Keyword Density

Fetch a URL, strip out scripts/styles/markup, and return the page's content shape: total word count, sentence count, average sentence length, Flesch Reading Ease, and the top keywords with raw frequency plus density percentage.

Useful for content audits ("are we accidentally keyword-stuffing?"), readability checks on landing pages and blog posts, and quick comparisons between drafts. Pair with /v1/seo/audit for tag-level signals or /v1/seo/compare for cross-page word-count comparisons.

Endpoint

GET /v1/seo/keyword-density

Base URL: https://seo.toolkitapi.io

Query Parameters

Field Type Required Description
url string Yes Absolute URL to analyse. Must be http:// or https://.

Response Fields

Field Type Description
url string The URL that was analysed (echoed from the request).
word_count integer Total visible words in the body text.
sentence_count integer Sentence count (split on ./!/? boundaries).
avg_sentence_length number word_count / sentence_count, rounded to 2 dp. 0.0 if no sentences.
flesch_reading_ease number Standard Flesch Reading Ease score. Higher = easier (≥ 60 ≈ plain English).
top_keywords object[] Most frequent words, sorted by count desc. Each entry: { word, count, density_percent }.

density_percent is count / word_count * 100, so the top-N entries together give you a quick read on whether one term is dominating the page.

The endpoint operates on the page's visible body text. <script> and <style> blocks are stripped before counting. Common stop words are filtered from the keyword list so the top entries are content words, not "the" / "and" / "of".

Examples

curl

curl -G "https://seo.toolkitapi.io/v1/seo/keyword-density" \
  -H "x-api-key: $TOOLKIT_API_KEY" \
  --data-urlencode "url=https://example.com/blog/post"

Python

import requests

resp = requests.get(
    "https://seo.toolkitapi.io/v1/seo/keyword-density",
    params={"url": "https://example.com/blog/post"},
    headers={"x-api-key": API_KEY},
    timeout=30,
)
data = resp.json()

print(f"{data['word_count']} words, "
      f"{data['sentence_count']} sentences, "
      f"avg {data['avg_sentence_length']} words/sentence")
print(f"Flesch Reading Ease: {data['flesch_reading_ease']}")
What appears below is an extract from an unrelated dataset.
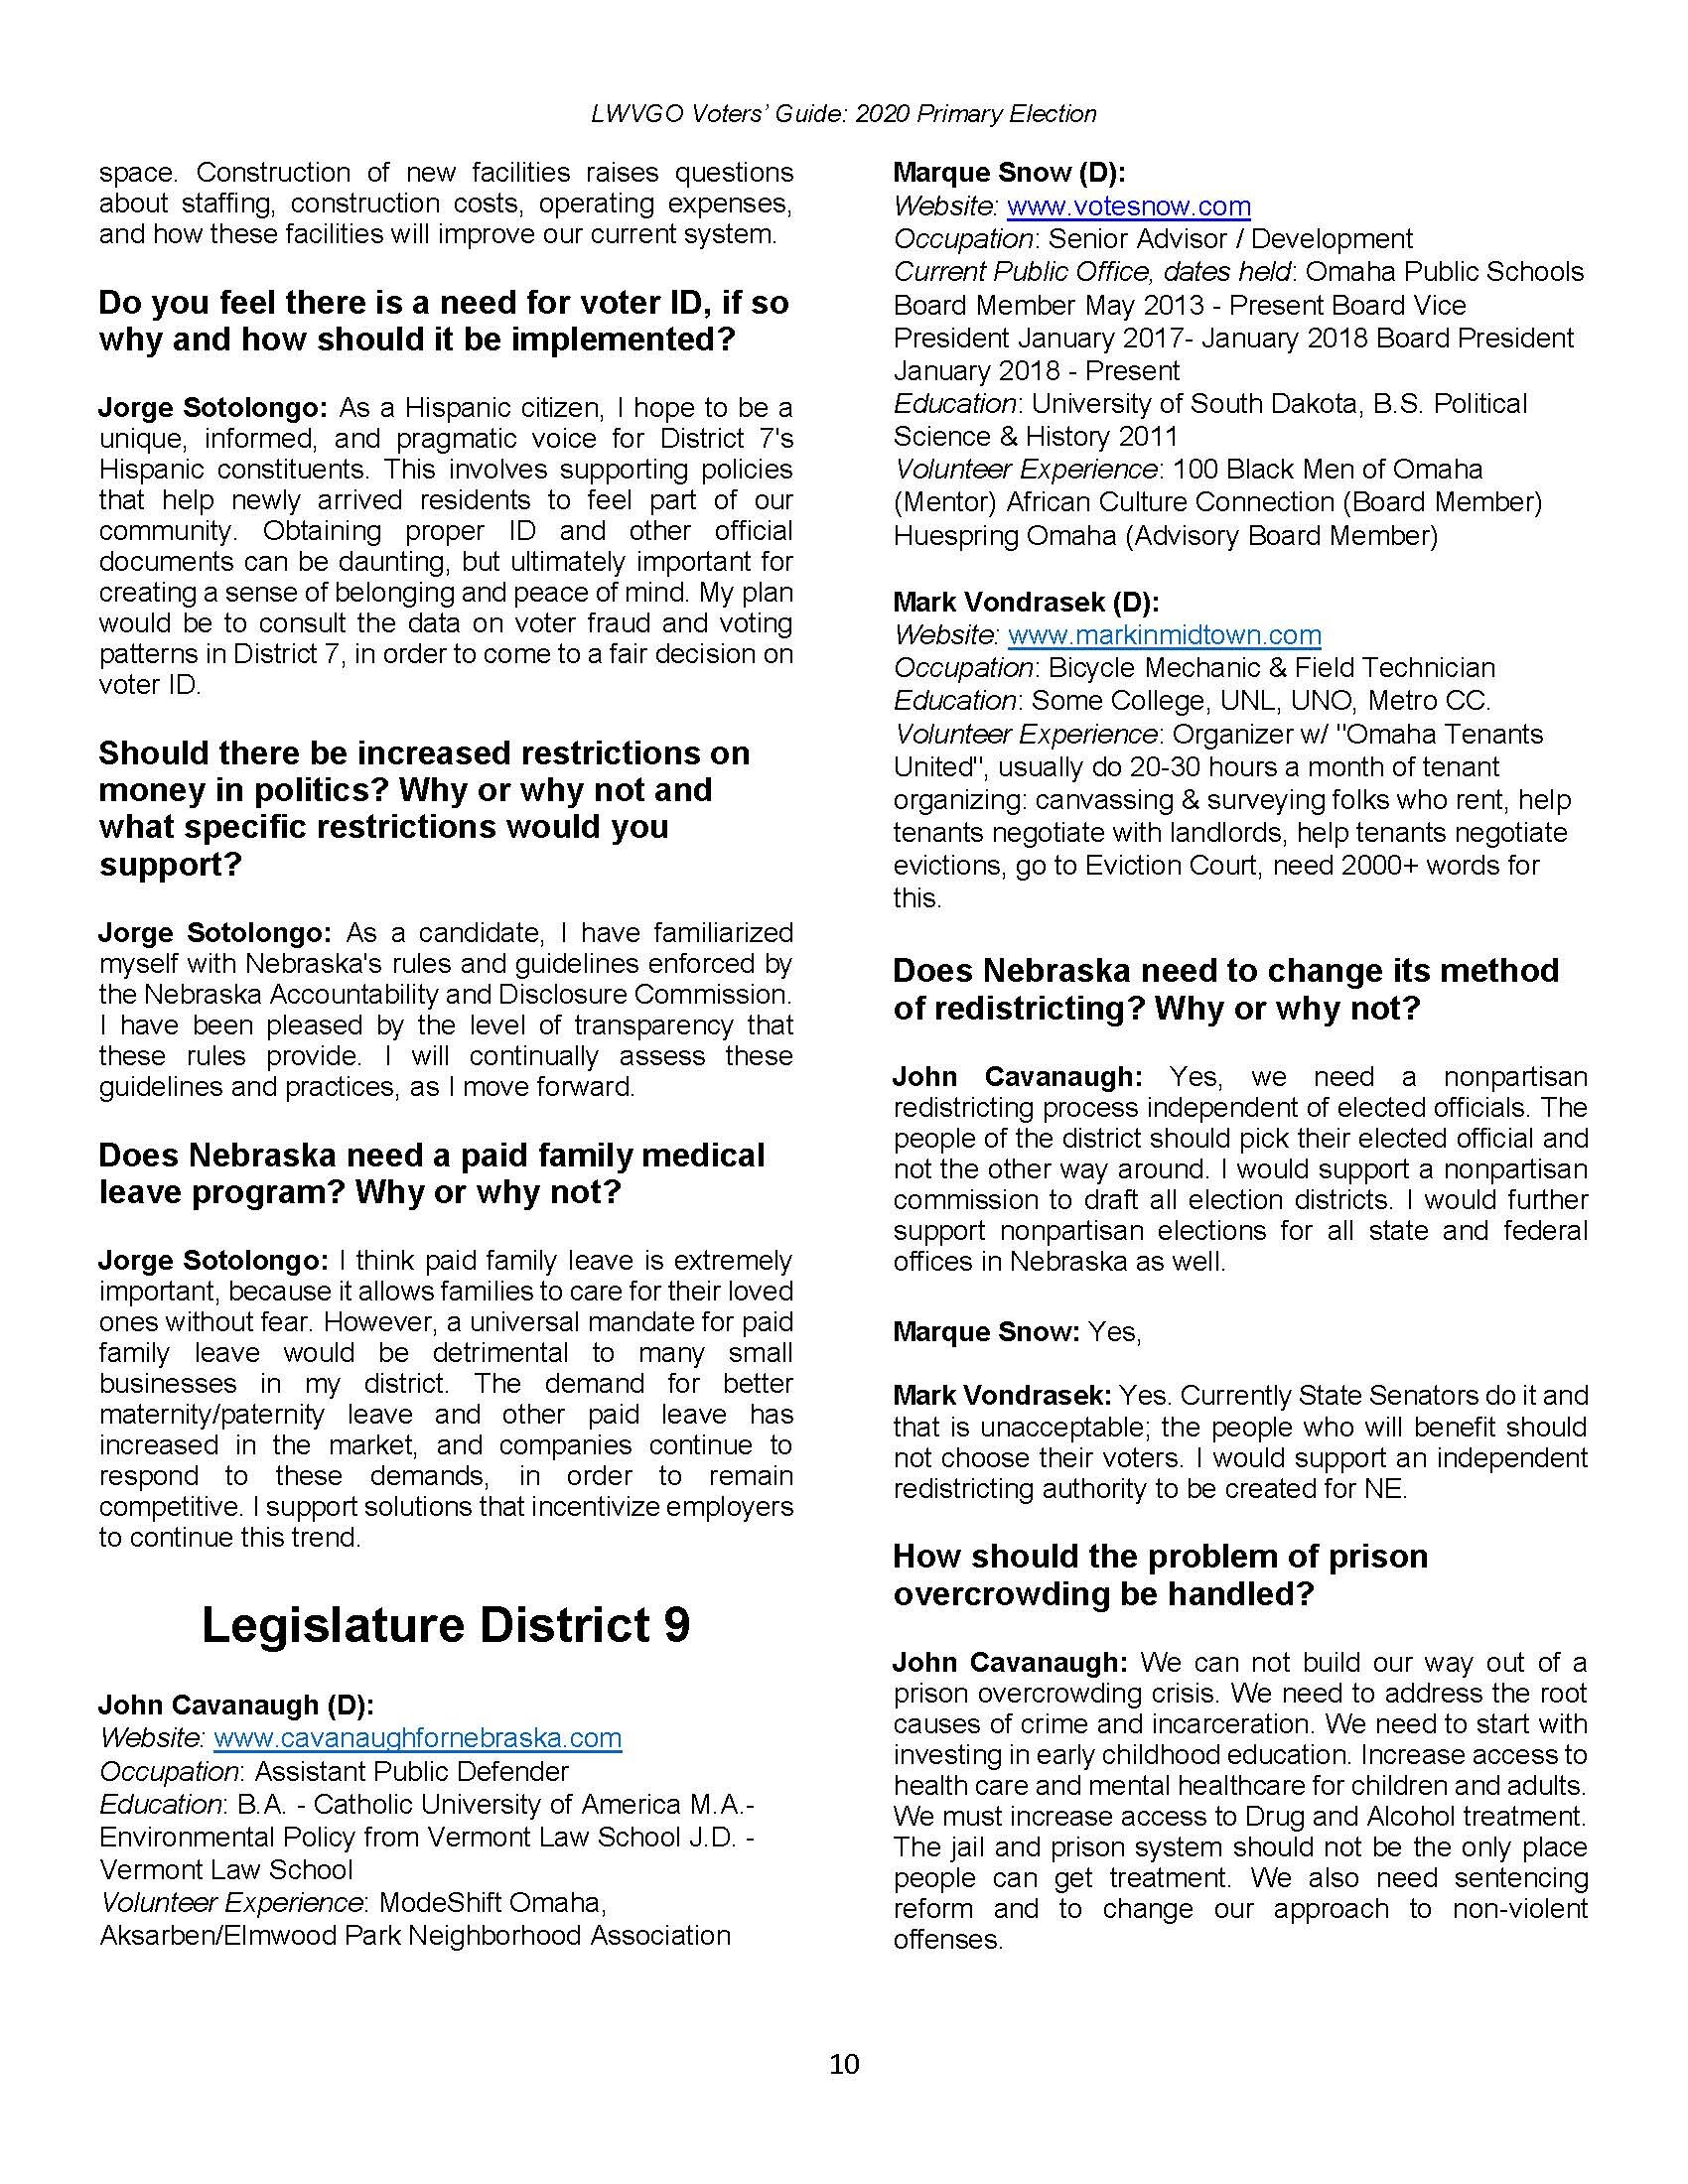 2020-Primary-Voters-Guide-LWVGO_0_Page_10.jpg

# Flag any single keyword above 4% density (rough stuffing threshold)
for kw in data["top_keywords"][:10]:
    flag = "  ⚠️" if kw["density_percent"] > 4 else ""
    print(f"  {kw['word']:<20} {kw['count']:>4}  {kw['density_percent']:.2f}%{flag}")

JavaScript

const url = new URL("https://seo.toolkitapi.io/v1/seo/keyword-density");
url.searchParams.set("url", "https://example.com/blog/post");

const resp = await fetch(url, {
  headers: { "x-api-key": process.env.TOOLKIT_API_KEY },
});
const data = await resp.json();

console.log(
  `${data.word_count} words · ${data.sentence_count} sentences · ` +
    `Flesch ${data.flesch_reading_ease}`,
);

const stuffing = data.top_keywords.filter((k) => k.density_percent > 4);
if (stuffing.length) {
  console.warn("Possible keyword stuffing:", stuffing);
}

Example Response

{
  "url": "https://example.com/blog/post",
  "word_count": 842,
  "sentence_count": 47,
  "avg_sentence_length": 17.91,
  "flesch_reading_ease": 62.4,
  "top_keywords": [
    { "word": "deploy",      "count": 24, "density_percent": 2.85 },
    { "word": "kubernetes",  "count": 19, "density_percent": 2.26 },
    { "word": "cluster",     "count": 17, "density_percent": 2.02 },
    { "word": "service",     "count": 14, "density_percent": 1.66 },
    { "word": "config",      "count": 12, "density_percent": 1.43 }
  ]
}

Reading the Score

Flesch Reading Ease is a 0–100 scale; higher is easier:

Score Description
90–100 Very easy (5th grade)
80–89 Easy
70–79 Fairly easy
60–69 Plain English (8th–9th grade)
50–59 Fairly difficult
30–49 Difficult (college level)
0–29 Very confusing (college graduate)

For a marketing landing page, aim for 60+. For long-form developer content, 30–60 is normal.

Notes

  • top_keywords is bounded server-side; expect roughly the top 10–25 content words back, not the full distribution.
  • Pages with very little visible content (e.g. SPA shells before hydration) will return tiny word_count values and a flesch_reading_ease that isn't meaningful — the endpoint does not execute JavaScript.
  • Each call goes through the same SSRF guard as /v1/seo/audit; private/loopback hosts are rejected with 400.